Alright, let’s talk about something that’s been gaining a lot of traction in our field, especially for those of us dealing with complex structures or designing in areas where Mother Nature likes to throw a curveball (hello, seismic zones!). I’m talking about Performance-Based Design, or PBD.

If you’ve ever felt that just ticking the boxes of the prescriptive code doesn’t quite capture the full picture of how a building should really perform, especially when things get serious, then PBD is a concept you’ll want to get comfortable with. It’s a shift in thinking – moving from “Did I follow all the rules?” to “Will this building do what we need it to do?”
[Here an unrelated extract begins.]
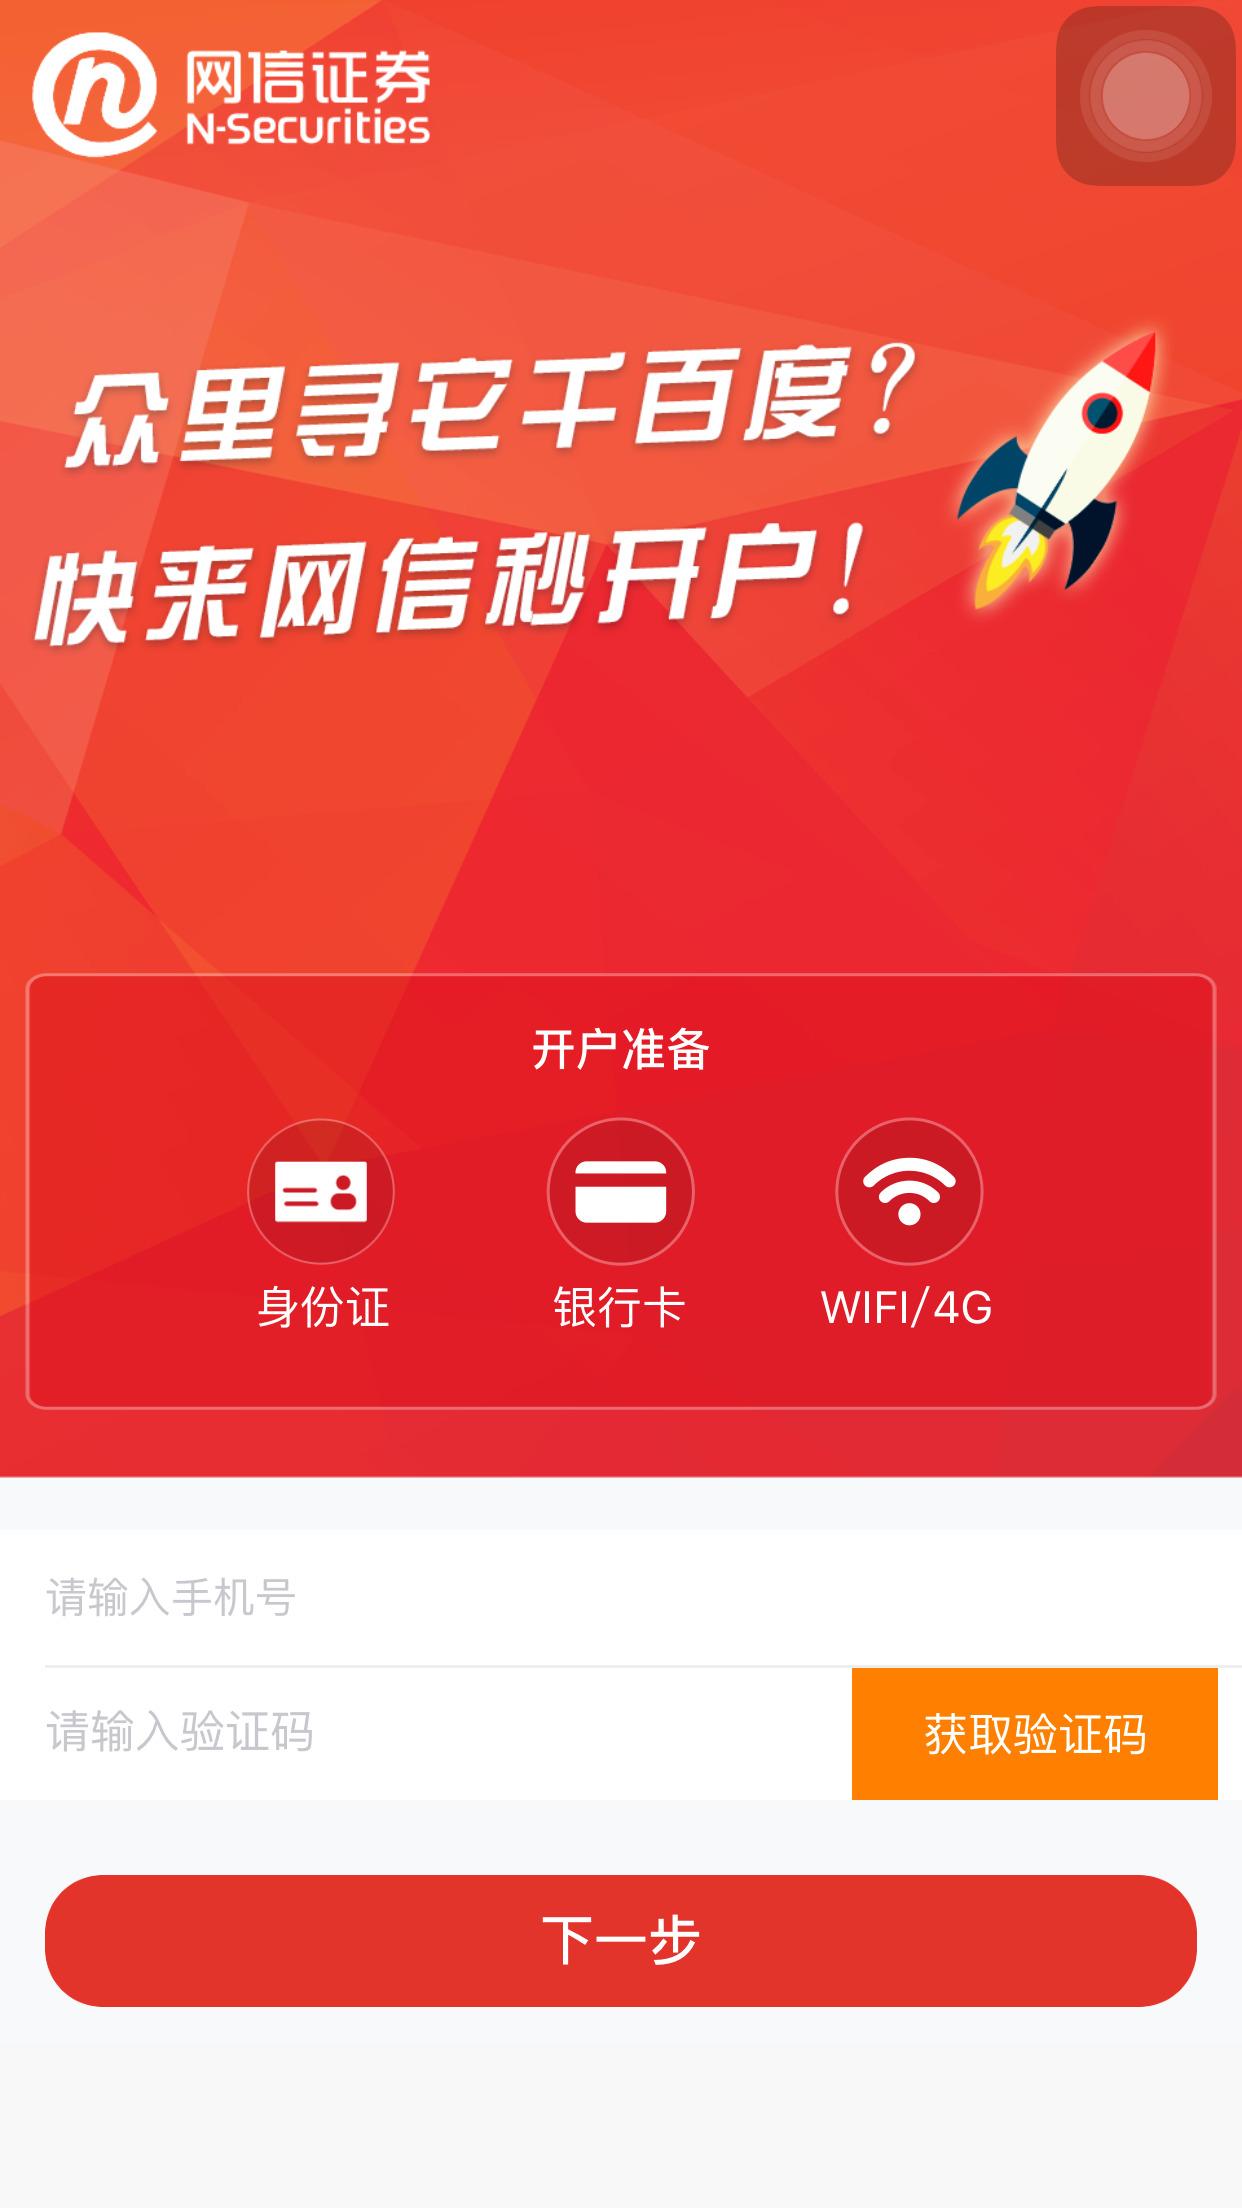 网信证券手机开户ios手机版 v2.6.0 官方iPhone版 3

For us Canadian engineers, with the diverse challenges our geography and climate present, understanding PBD isn’t just an academic exercise; it’s about building smarter, more resilient structures. This post is the first in a series where we’ll unpack PBD. We’ll start with the basics: what it is, why it matters (especially here in Canada), and some of the key lingo you’ll need.

Prescriptive vs. Performance: What’s the Big Deal?

So, what’s the fundamental difference?

Think of Traditional Prescriptive Design – the bread and butter of much of our daily work following codes like the National Building Code of Canada (NBCC). It’s like following a detailed recipe. The NBCC and our material standards (CSA S16 for steel, CSA A23.3 for concrete, etc.) tell us the specific ingredients (minimum member sizes, material strengths, detailing requirements) and the methods to combine them. If you follow the recipe meticulously, you expect a certain outcome – generally, a safe structure. The focus is on the means. For example, the code might say, “For this type of building in this seismic zone, your columns must be at least X size with Y reinforcement.”

Performance-Based Design (PBD), on the other hand, is like defining the desired qualities of the final dish before you even pick up a whisk. You might say, “I want a three-layer cake that’s moist, can support elaborate decorations, and won’t crumble if the table gets bumped.” As the engineer (or chef, in this analogy!), you then select the best ingredients, techniques, and analyses to achieve that specific outcome. The focus is squarely on the end performance.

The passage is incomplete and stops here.